Older compiler versions might choose to implement sqrt(x) as x * approx_rsqrt(x) with a Newton-Raphson iteration for -ffast-math, because older CPUs had a slower sqrtps instruction so it was more often worth it to replace it with an approximation of the reciprocal-sqrt + 3 or 4 more multiply and add instructions. This is generally not the case in most code for recent CPUs, so even if you use the same tuning options (especially the default -mtune=generic instead of -mtune=haswell for example), the choices that option makes can change between GCC versions.

It's hard enough to get deterministic FP without -ffast-math; different libraries on different OSes have different implementations of functions like sin and log (which unlike the basic ops + - * / sqrt are not required to return a "correctly rounded" result, i.e. max error 0.5ulp).

And extra precision for temporaries (FLT_EVAL_METHOD) can change the results if you compile for 32-bit x86 with x87 FP math. (-mfpmath=387 is the default for -m32). If you want to have any hope here, you'll want to avoid 32-bit x86. Or if you're stuck with it, maybe you can get away with -msse2 -mfpmath=sse...

You mentioned Windows, so I'm assuming you're only talking about x86 GNU/Linux, even though Linux runs on many other ISAs.

But even just within x86, compiling with -march=haswell enables use of FMA instructions, and GCC defaults to #pragma STDC FP_CONTRACT ON (even across C statements, beyond what the usual ISO C rules allow.) So actually even without -ffast-math, FMA availability can remove rounding for the x*y temporary in x*y + z.

With -ffast-math:

One version of gcc might decide to unroll a loop by 2 (and use 2 separate accumulators), when summing sum an array, while an older version of gcc with the same options might still sum in order.

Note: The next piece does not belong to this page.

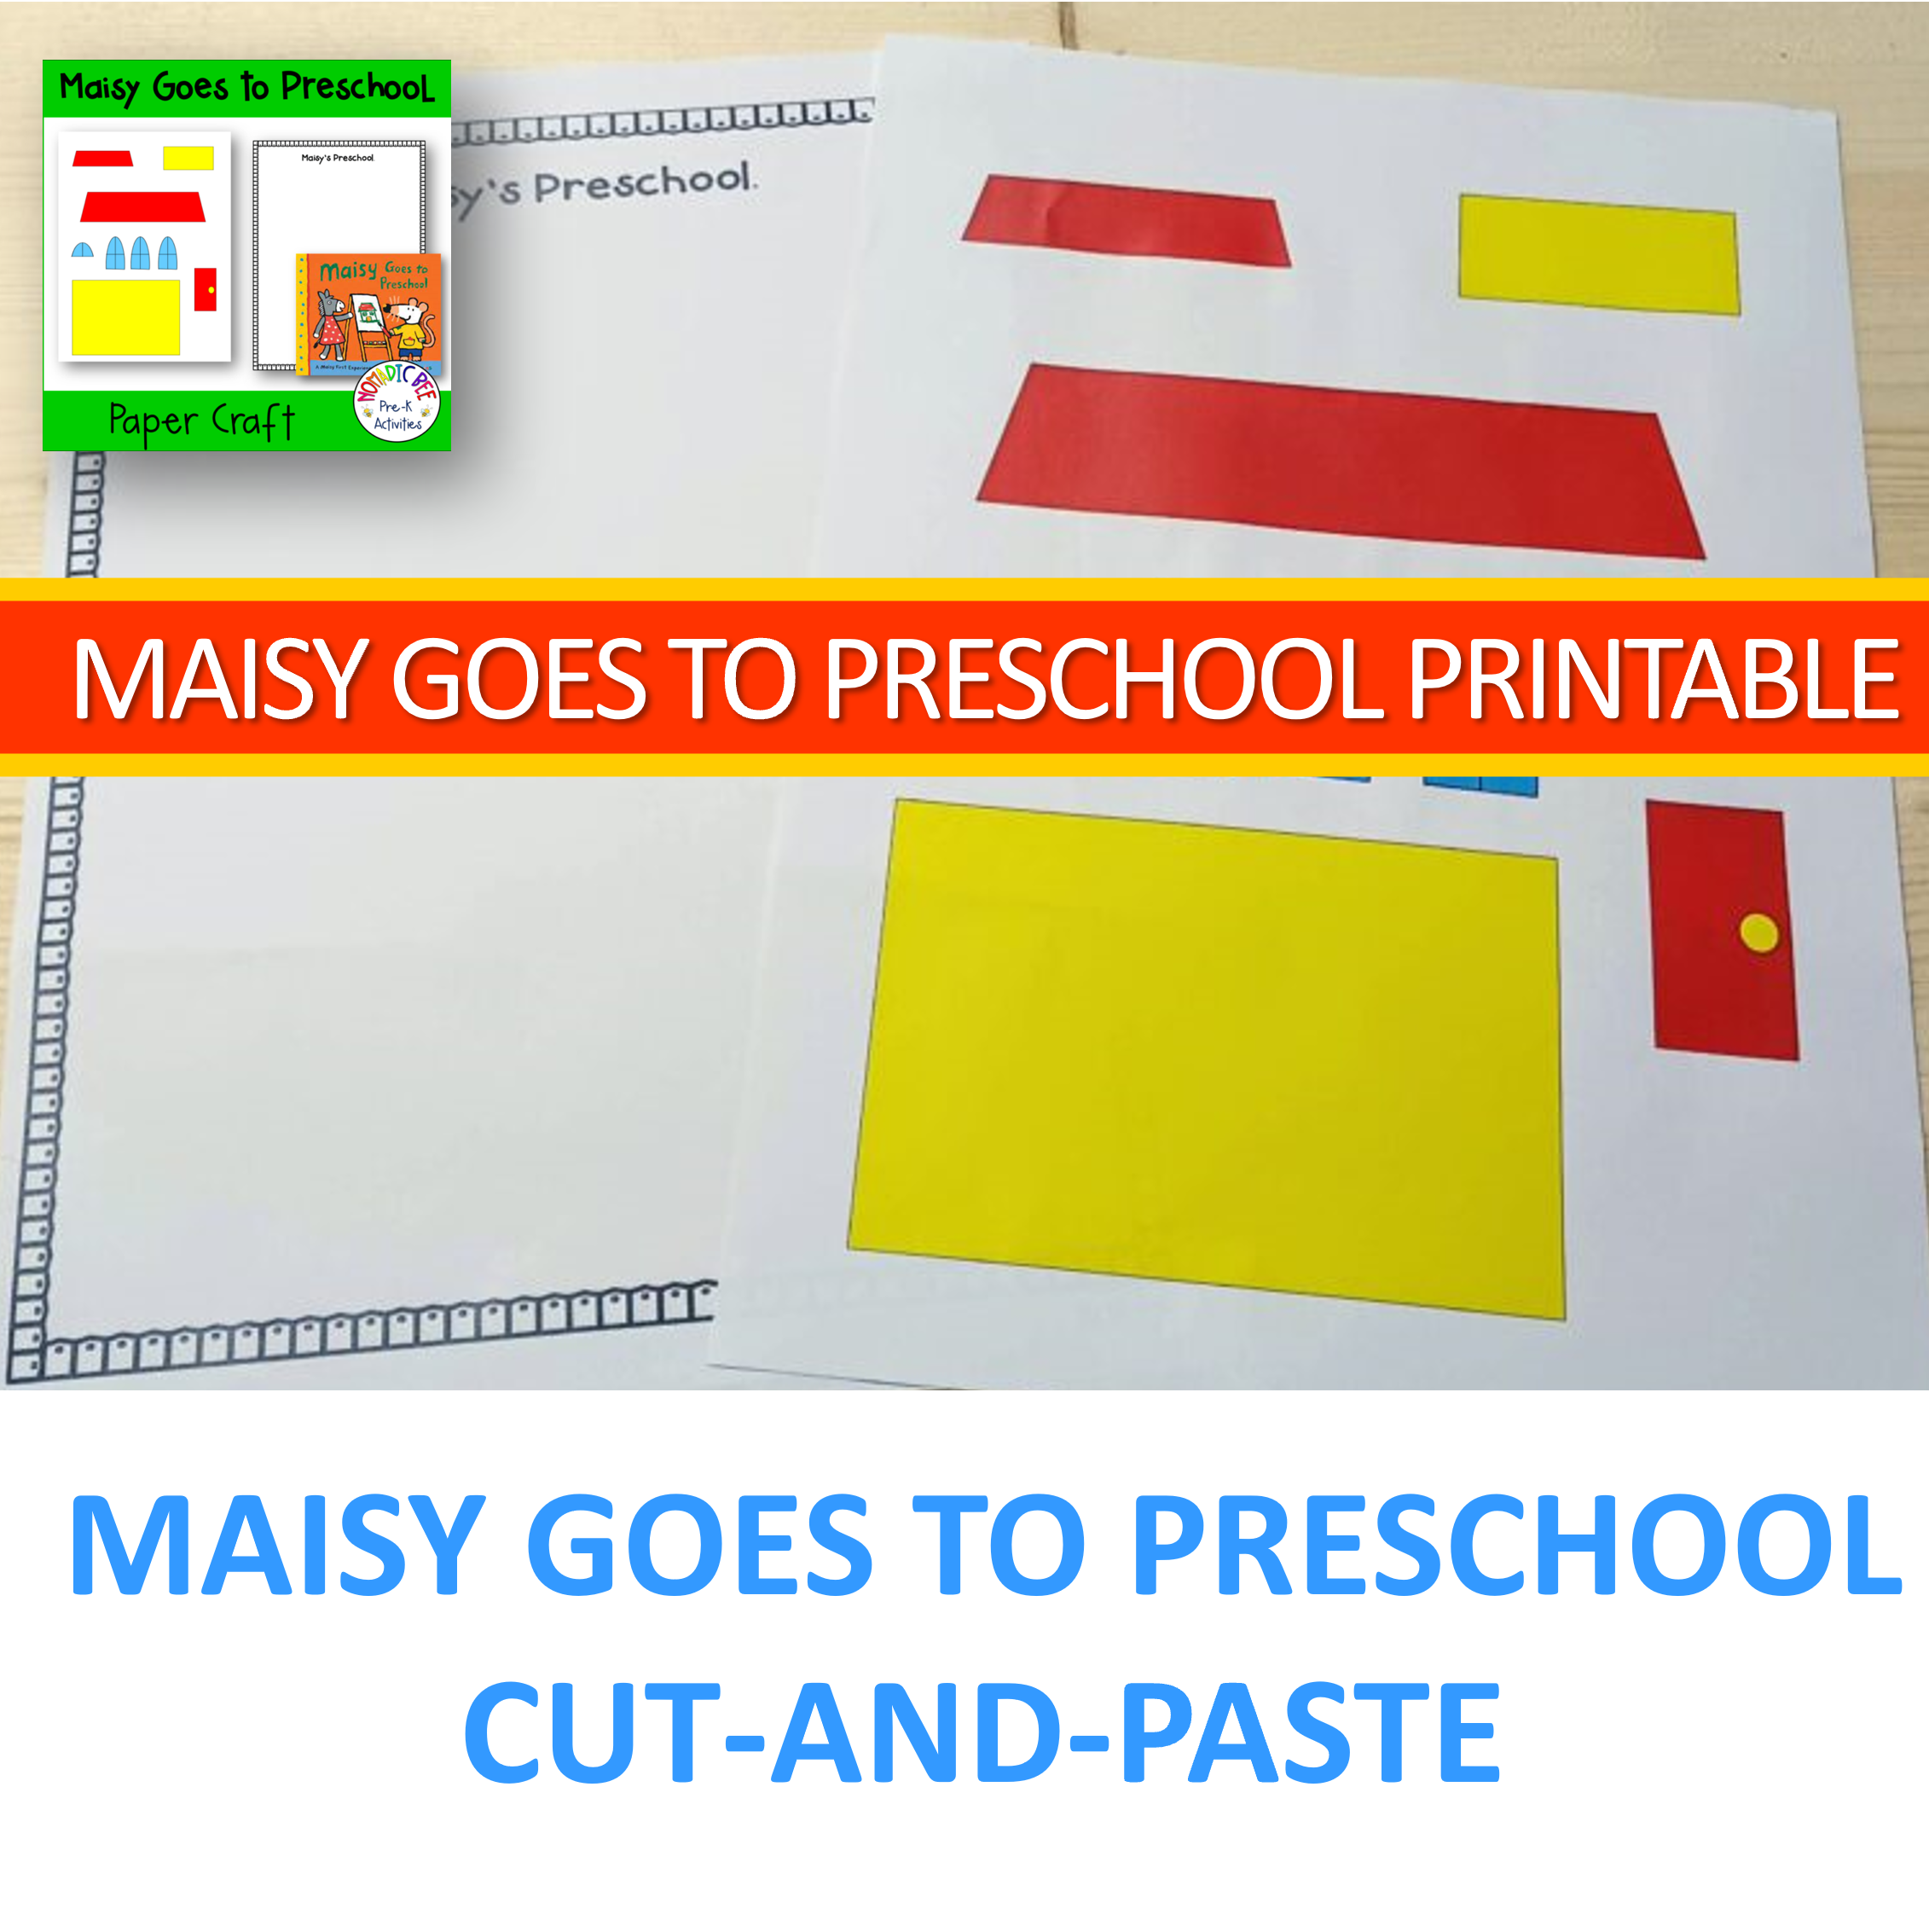 Maisy goes to preschool printable

(Actually current gcc is terrible at this, when it does unroll (not by default) it often still uses the same (vector) accumulator so it doesn't hide FP latency the way clang does. e.g. https://godbolt.org/z/X6DTxK uses different registers for the same variable, but it's still just one accumulator, no vertical addition after the sum loop. But hopefully future gcc versions will be better. And differences between gcc versions in how they do a horizontal sum of a YMM or XMM register could introduce differences there when auto-vectorizing)